The good news from the summit is that ER’s strategies for increasing worker voice are being adapted for the 21st century. That effort starts with new technology. Few Roosevelt scholars doubt that if ER were alive today she would tweet, blog, maintain a Facebook page, and monitor an Instagram account. She loved new technology and saw its potential. At the summit, the new on-demand economy was showcased by responsible companies such as TaskRabbit and digital organizing tools like Coworker.org whose cofounder Michelle Miller hosted the Town Hall Meeting with the President. Everyone was encouraged to start the conversation, “#StartThe Convo.””

But the sea change in our economy brought about by new technology is also part of the challenge. In her last book, Tomorrow is Now, ER wrote about an economic and a cultural revolution in this country. She highlighted the need for new economic thinking; for education and science to address the challenges of technology and automation. She praised new machinery, but called for “concrete planning for the well-being of human beings who will, slowly but inexorably, be displaced by much of this new machinery.” If jobs are eliminated, and driverless cars are in our future, then we need innovative planning now.

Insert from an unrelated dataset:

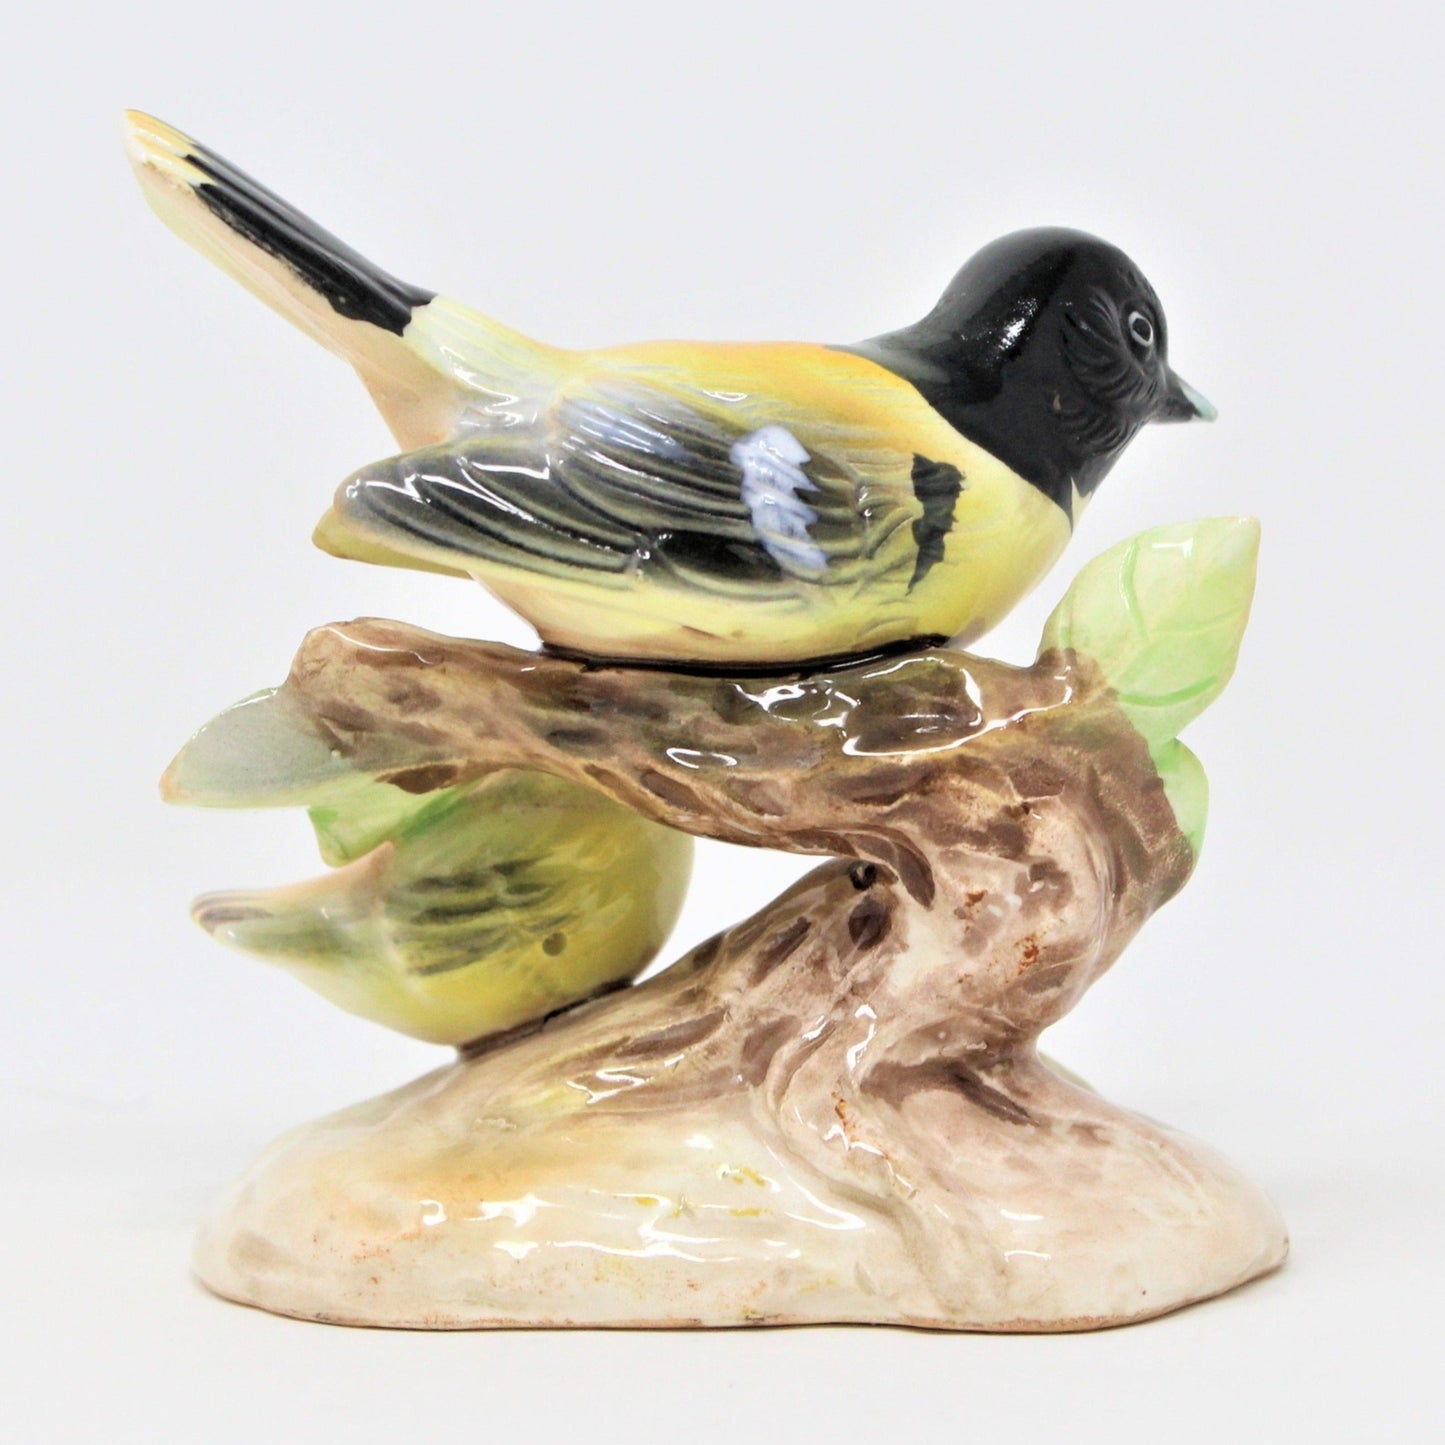 Figurine, Arnart, Oriole with Chick, Hand Painted, Vintage

Bringing stakeholders together to start a conversation about the future was a key component of ER’s strategy. She wrote in her My Day column about companies and organizations that were progressive models. She invited workers, union leaders, managers, and policy makers to the White House to stimulate new ideas. The summit panel moderated by Secretary of Labor Tom Perez offers a current example: a worker trying to organize an auto plant in Mississippi, an executive from a premier health organization that successfully negotiates a labor management system with 28 unions, a high school teacher who models collaborative problem solving to improve classroom experiences, the executive of a grocery store chain that rallied entire communities to counter a negative turn in their corporate culture, a senator who successfully led an effort to defeat a right-to-work law in his state.

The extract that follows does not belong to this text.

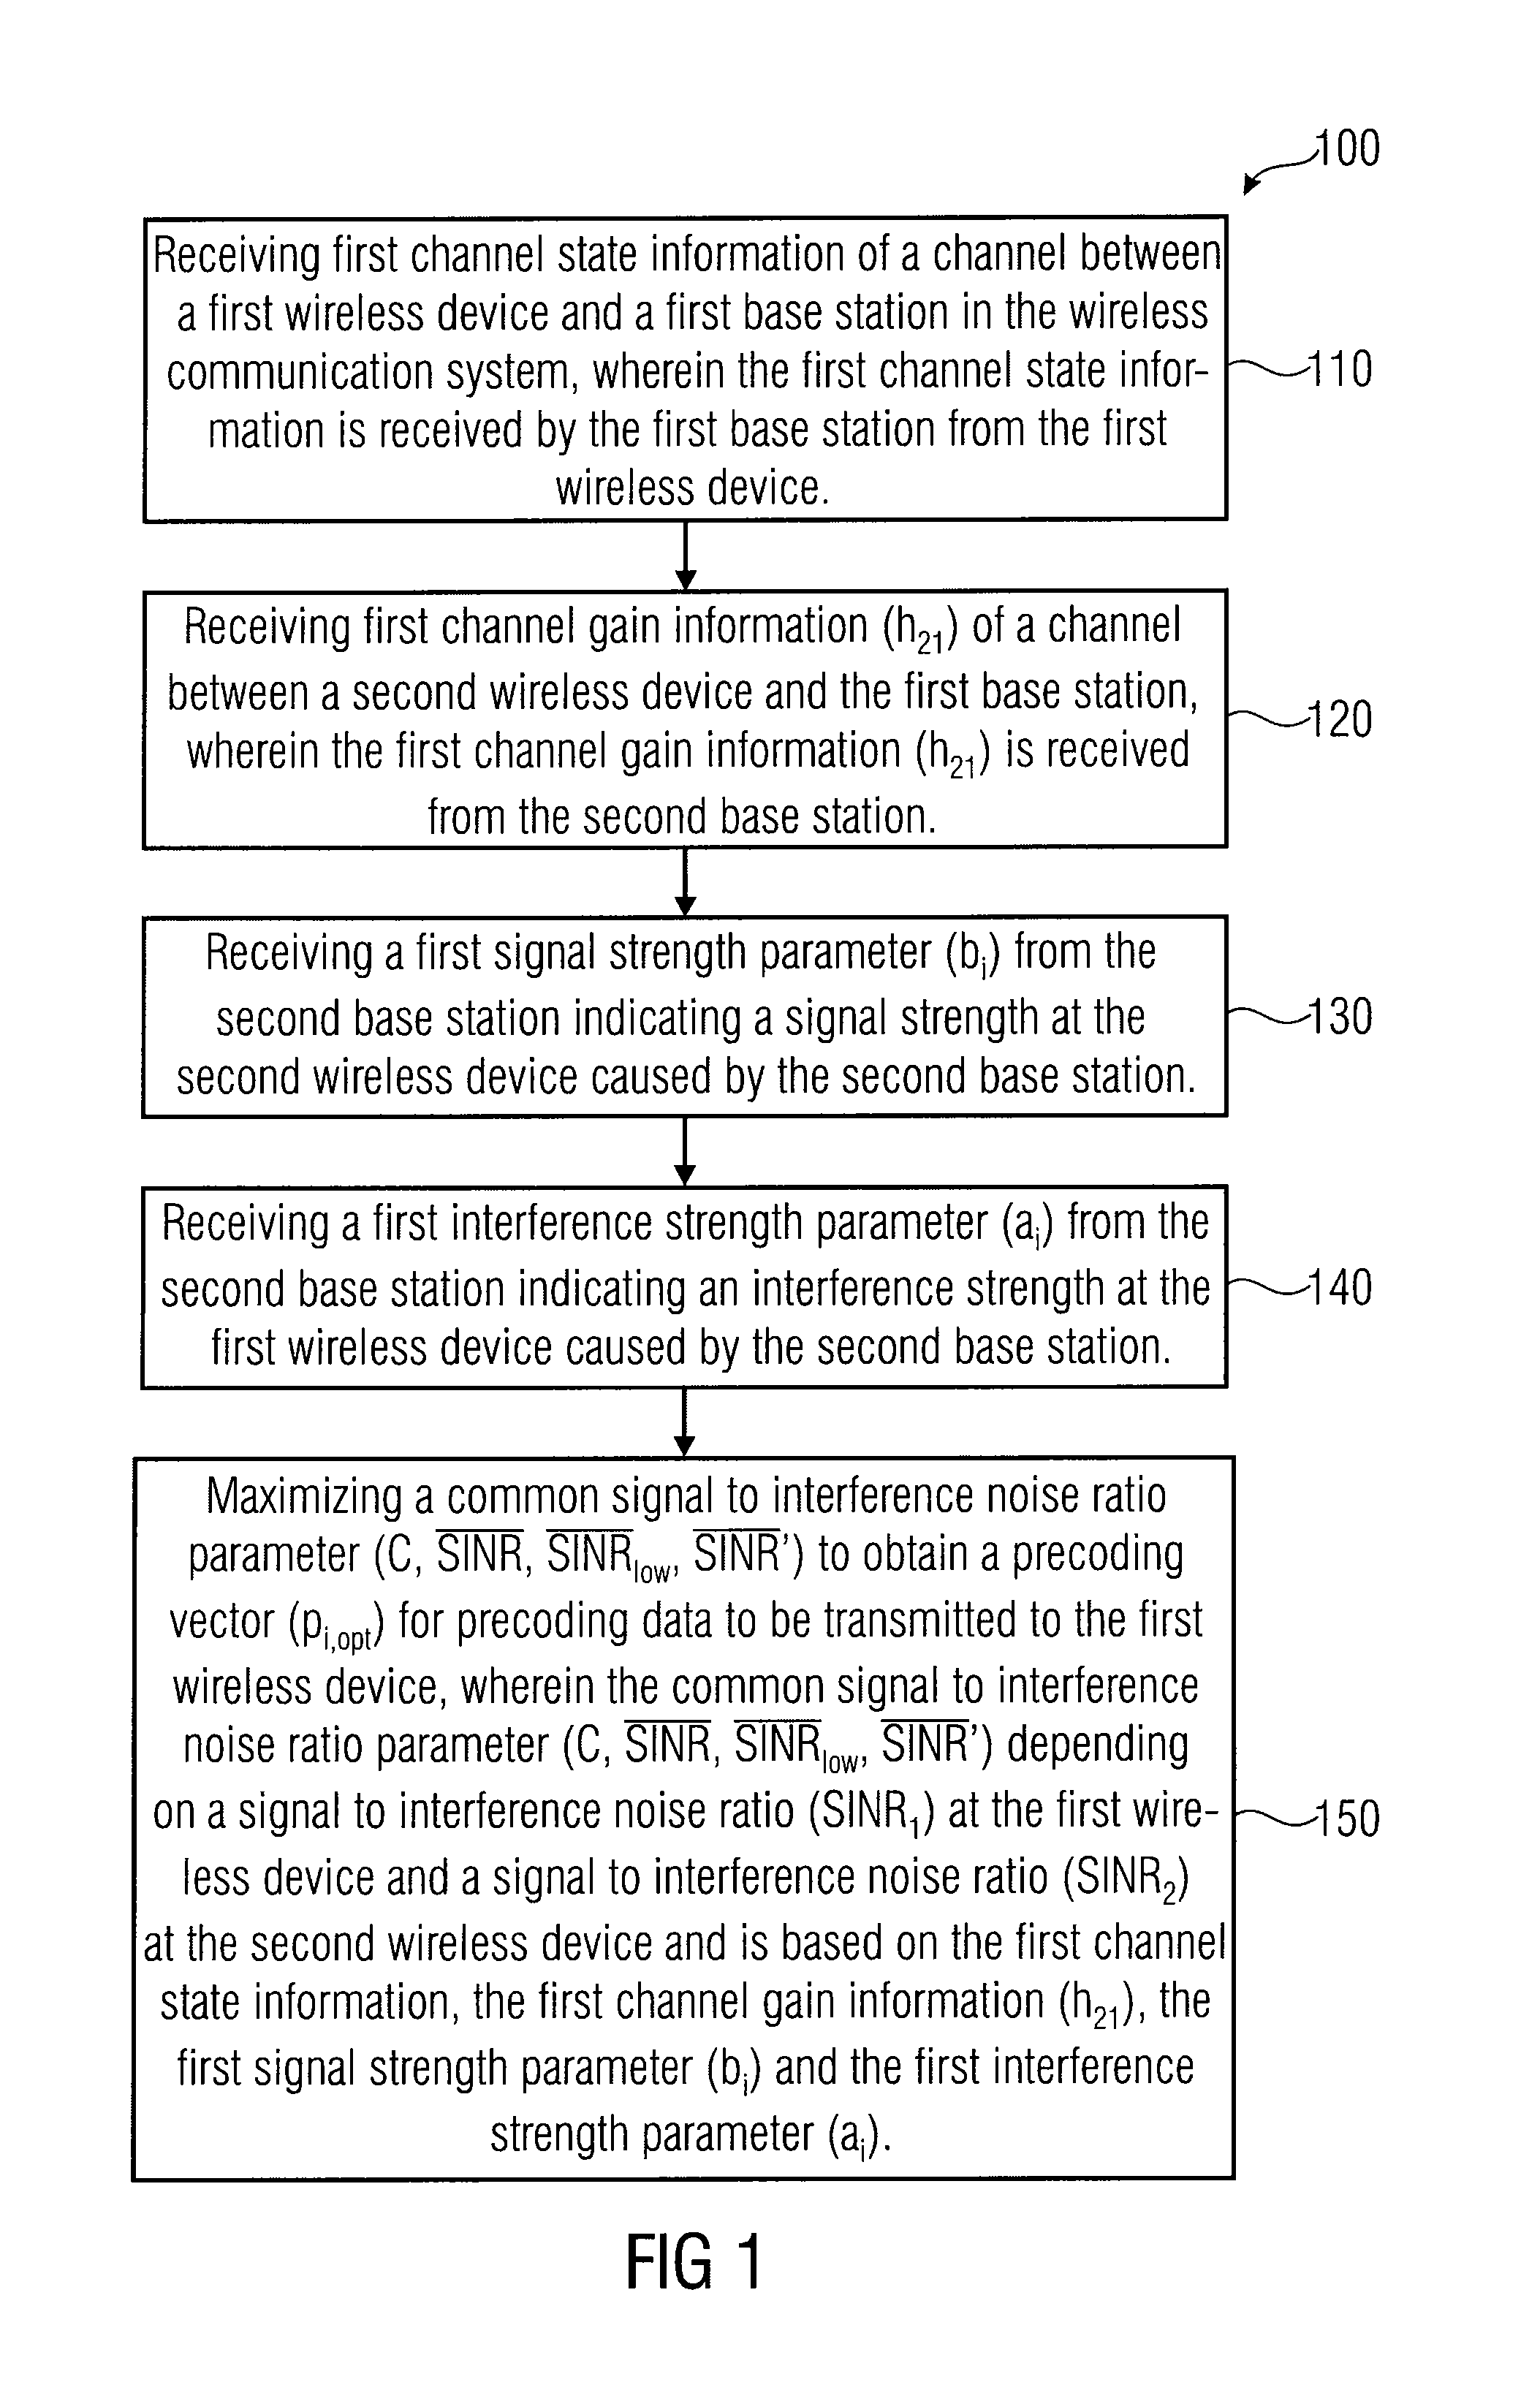 Method and apparatus for determining a precoding vector for precoding data to be transmitted to a wireless device in a wireless communication system

Government action was another critical strategy. ER opposed the Taft-Hartley Act of 1947, curtailing the National Labor Relations Act, calling it a “bad bill” that struck “at the fundamental rights and protection of labor.” She also recognized that the New Deal legislation excluded many workers and needed to be expanded. Now, decades later, it is time for serious labor law reform such as the recently introduced Workplace Action for a Growing Economy (WAGE) Act to expand coverage of labor law protections and strengthen enforcement. At the summit labor law alternatives were discussed as part of what the Roosevelt Institute report called “reimagining the rules of the workplace,” making it more “inclusive, dignified, and just.”

Encouraging citizen activism was critical to all of these efforts. While Eleanor Roosevelt believed strongly in the power of collective action she recognized that the action needed to be solidly rooted in individual responsibility and personal courage. In You Learn By Living she wrote “You must do the thing you think you cannot do.” And one Town Hall participant echoed “you cannot be afraid.” The White House Summit showed how Individual workers are challenging companies in new ways, business owners are taking risks on new approaches, policy makers are innovating, and union and community leaders are finding new ways to collaborate and organize.

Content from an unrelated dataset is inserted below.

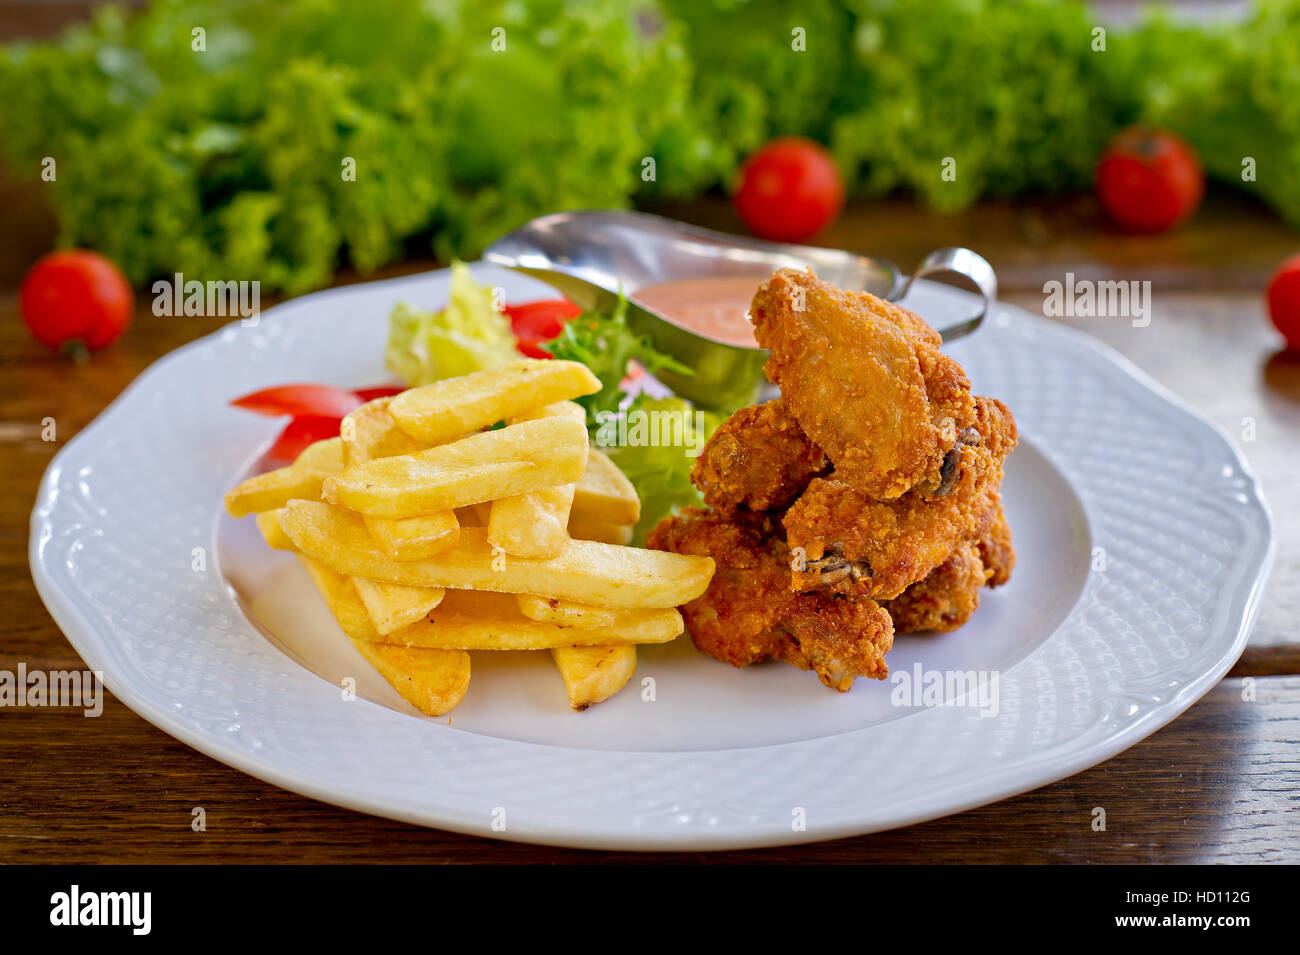 Gourmet Appetizing Chicken and Fries Meal on a White Plate with Fresh Lettuce, tomatoes slice, ketchup sauce. Stock Photo

Above all, Eleanor Roosevelt was a political realist. She understood that the battle for economic justice was never ending and that “the most powerful weapon we have at our command today is public opinion.” Labor’s challenge in the twenty-first century is the same as it was in ER’s time; telling labor’s story in a compelling, comprehensive way so that every American understands what is at stake. Putting Eleanor Roosevelt on the $10 bill would be one way to acknowledge her belief that workers’ voices must be heard and “#StartTheConvo.”